Nauczyciele – instruktorzy – opiekunowie
Niezmiennie trwają na muzycznym posterunku,
niektórzy od zarania dziejów opisywanej imprezy. Należy stwierdzić, że bez
nich, bez ciągu nauczyciel – uczeń (piosenkarka, piosenkarz) – eliminacje –
nauczyciel – finalista – zdenerwowany nauczyciel na zapleczu – nie byłoby
popisów na takim poziomie, nie byłoby tej imprezy. Przede wszystkim pedagodzy
zachęcają (co nie jest trudne), przygotowują (to nie najłatwiejsze), wybierają
repertuar albo doradzają (ze względu na nierzadko spotykaną wybredność młodzieży
wcale niełatwa sprawa), trenują (długi i żmudny proces), opiekują się w czasie
wyjazdów (odpowiedzialność), a potem przeżywają szalone emocje w czasie występu
podopiecznego. Jednak bez emocji nic nie miałoby sensu i tak koło się zamyka, a
słuchacz i widz wychodzi zadowolony. Trzeba przyznać, że niektórym śpiewającym
udaje się też stworzyć fanklub rodzinny, wtedy układ szkoła-festiwal bywa
zastąpiony zbiorowym rodzinnym szaleństwem.
Gwiazdy i gwiazdki
Wielu uczestników związało swoje
przyszłe życie ze śpiewem czy ogólnie pojętą działalnością artystyczną. O
budzących podziw ponadgranicznych osiągnięciach Ewy Farnej nie trzeba się
rozpisywać. W hawierzowskim finale IX FPD zaśpiewała, że „chce do Bodzia” i
zachwyciła wszystkich swoją nastoletnią spontanicznością. Na sali obecny był
również, nie po raz pierwszy zresztą, Leszek Wronka...i tak to się zaczęło. A
inni? O niektórych była już mowa, wiele talentów kilkakrotnie sięgało po laury,
bardzo często najwyższe nagrody przyznawano chłopcom, którzy bywali rodzynkami
wśród dziewczęcych adeptek młodzieżowego śpiewania i rzeczywiście dobrze im
szło. Tomasz Suchanek (dziś opera i operetka), Adam Farana (świetny pianista),
Gabriel Kopeć, Albert Černý (Charlie Straight), Michał Firla, Henryk Molin,
ostatnio Przemek Orszulik, wokalista i akompaniator w jednej osobie, laureat
pierwszej nagrody XIII festiwalu. A dziewczyny – po
uruchomieniu loterii pamięciowej pojawiają się twarze i melodie. Monika Niedoba,
Basia Humel, Irka Polak, Joasia Wierzgoń, Basia Łakota, Noemi Bocek, Magda
Wania (tegoroczny festiwal, niesamowite wykonanie piosenki poetyckiej), zespół
„Anki” i jeszcze, i jeszcze...Trudno dokonać wyboru, wliczając eliminacje, były
ich setki.
Polska piosenka
Bardzo ciekawie wygląda dobór repertuaru.

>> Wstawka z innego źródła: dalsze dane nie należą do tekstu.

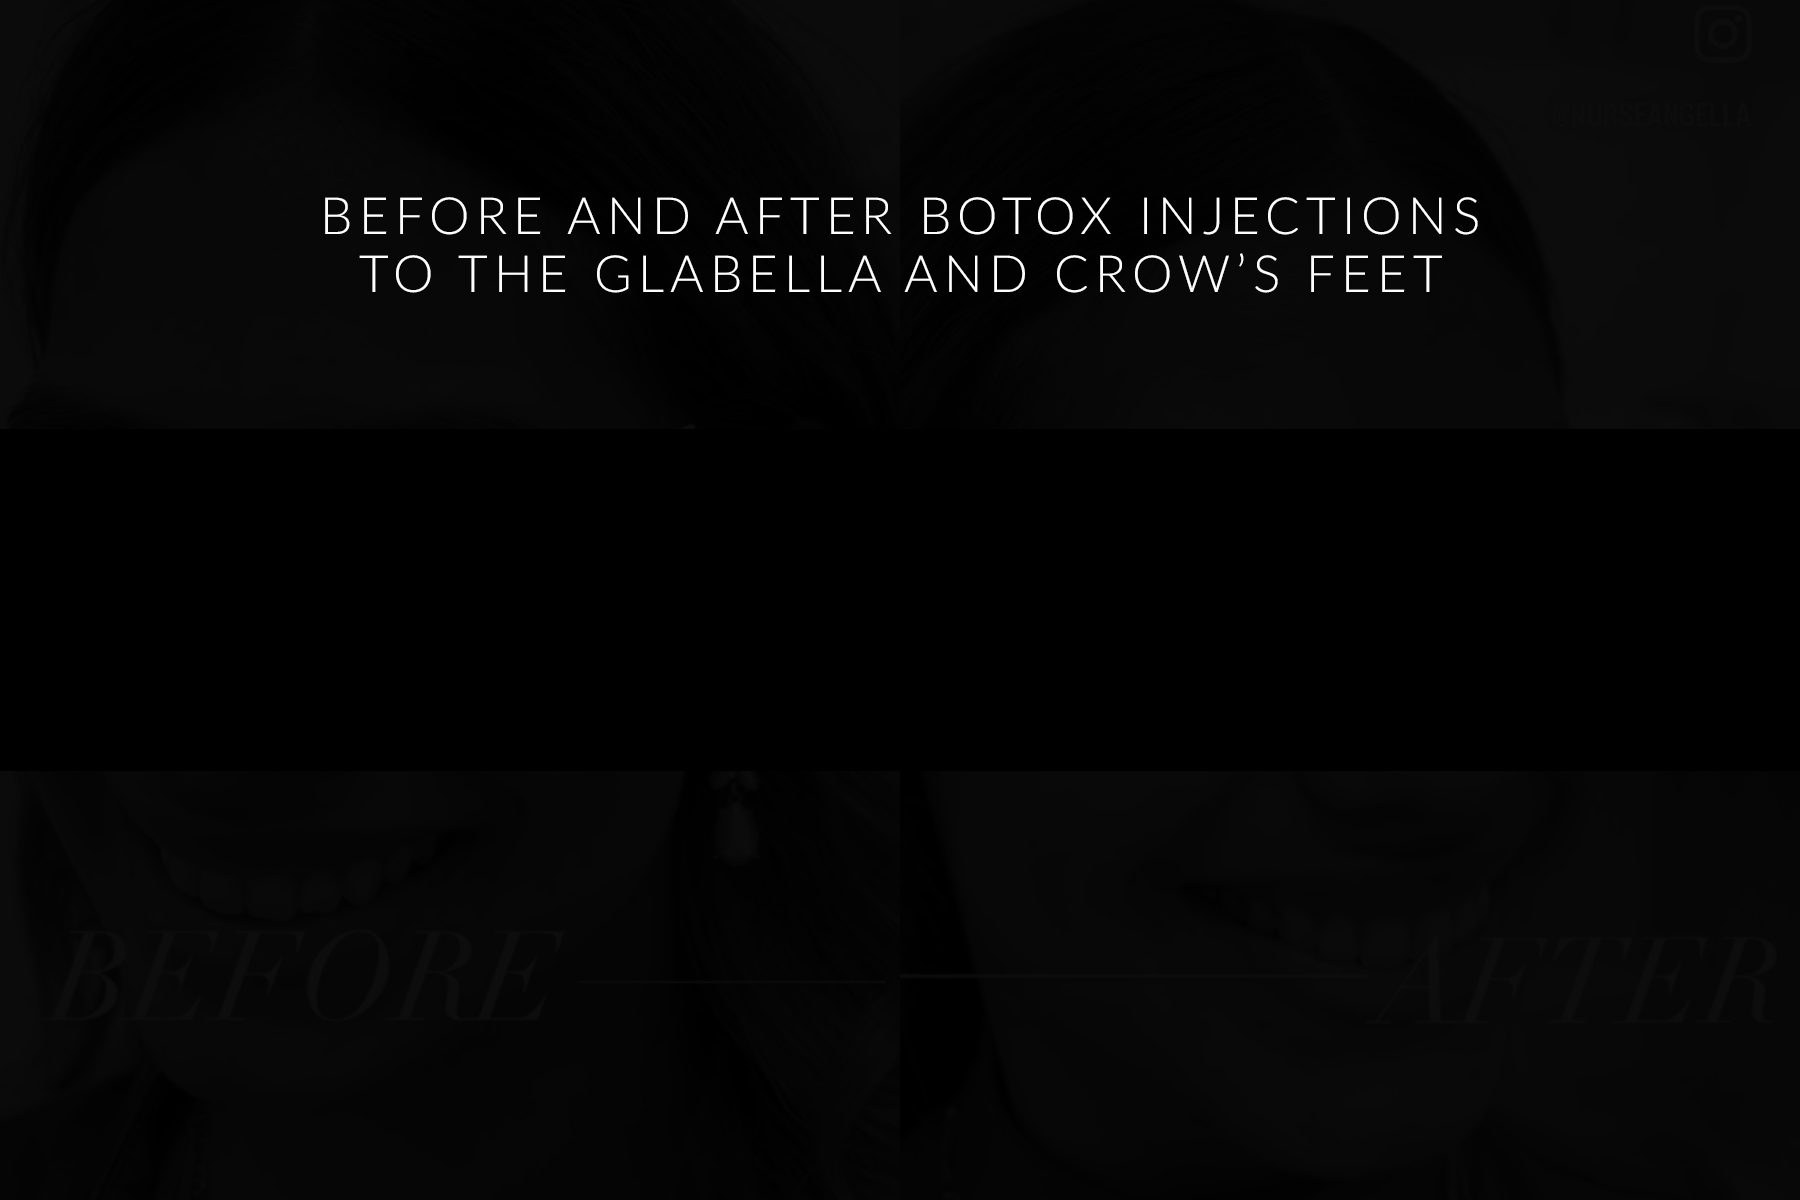 before and after botox injection video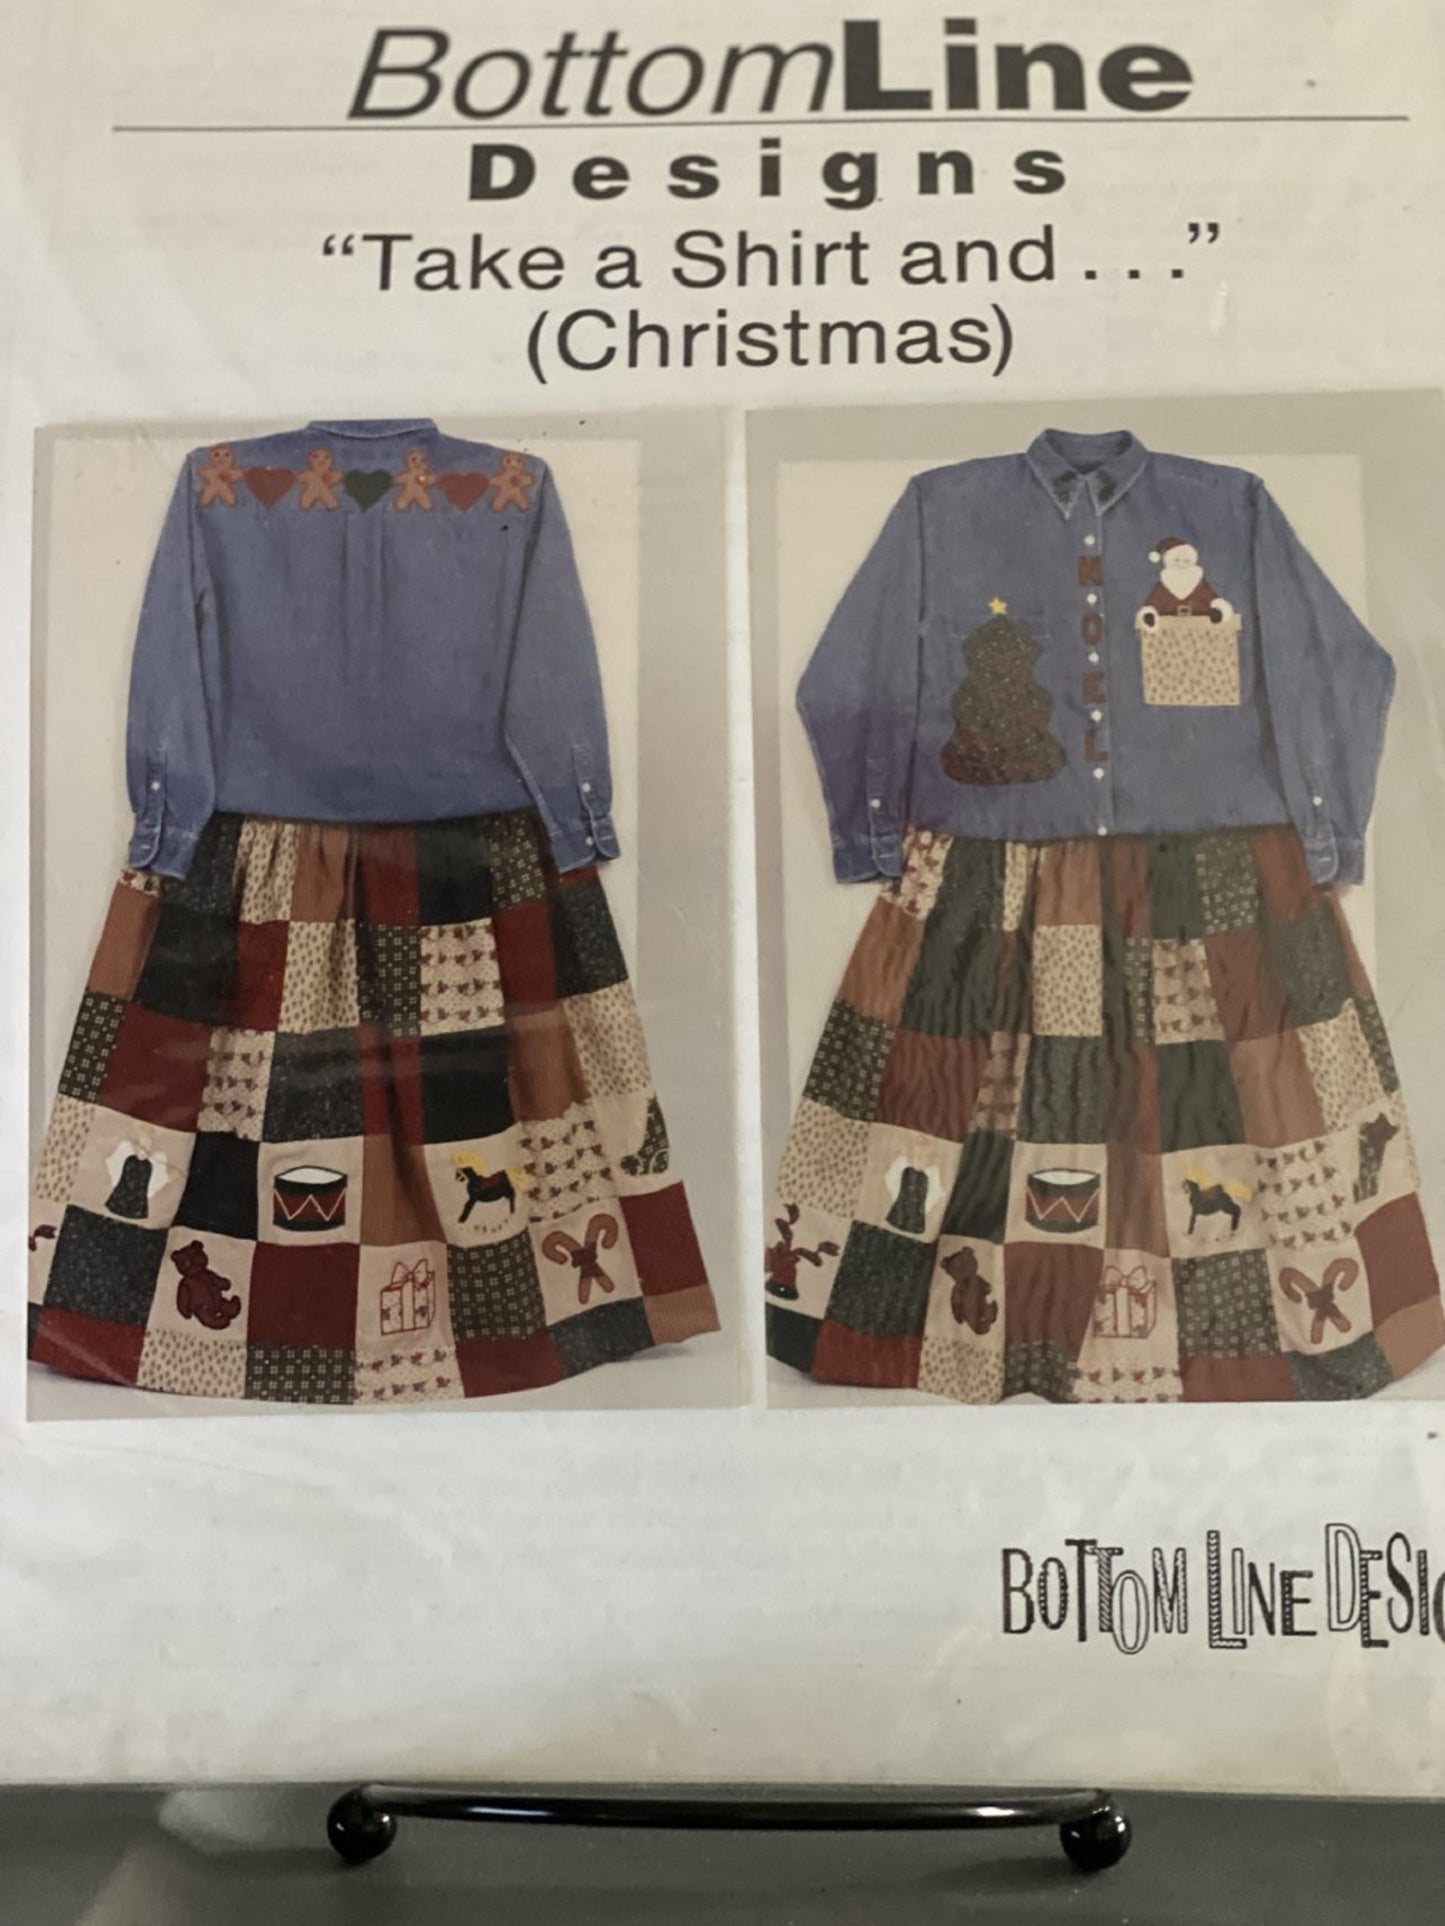 Take & Shirt and...Christmas Pattern by Bottom Line Designs

Warunek – piosenka polskich autorów. Wykonawcy nieraz sięgają w głąb muzycznej
historii. Był Bohdan Łazuka, No To Co, Budka Suflera, Czesław Niemen, króluje
nadal Maryla Rodowicz, był Perfect, były Czerwone Gitary, Majka Jeżowska,
Urszula, Hanna Banaszak, Anna Maria Jopek, Edyta Górniak, z najnowszych Sylwia
Grzeszczak i Ewa Farna. Wielu, wiele innych. Była piosenka aktorska i próby
kabaretowe, choć ostatnio najstarsi często sięgają po mocne popowo-rockowe
uderzenie. Polska piosenka od lat pięćdziesiątych ubiegłego wieku po galopującą
współczesność.
Organizatorzy
Prozaicznie na koniec? Może to frazes, ale bez
zapaleńców, często prywatnie niemających niczego wspólnego ze śpiewem, nie
byłoby tej prestiżowej dziś imprezy. Miejsca finałów – Bystrzyca, Trzyniec,
Czeski Cieszyn, a od roku 1997 nieustannie Hawierzów i Koło Macierzy Szkolnej
przy PSP w Hawierzowie-Błędowicach. Zmieniające się grupy rodziców, z których
niektórzy dla frajdy wracają i pomagają swoim organizacyjnym następcom. Tworzenie
grantów, obawy wypływające z faktu, że nigdy nie wiadomo, jaka będzie i czy będzie
dotacja, czy nie zawiodą sponsorzy. A przecież za względu na rozmach festiwal
nie należy do najtańszych. W czasie jubileuszowego dziesiątego śpiewania w roku
2007 organizatorzy z Błędowic i okolicy powiedzieli sobie – „Dość!” Może teraz
gdzie indziej, ktoś inny? Jednak po przeprowadzeniu kolejnych eliminacji przez
PTA Ars Musica staro-nowa błędowicka ekipa organizacyjna stwierdziła, że szkoda
by było, aby festiwal zniknął z kalendarza kulturalnego dolańskich imprez.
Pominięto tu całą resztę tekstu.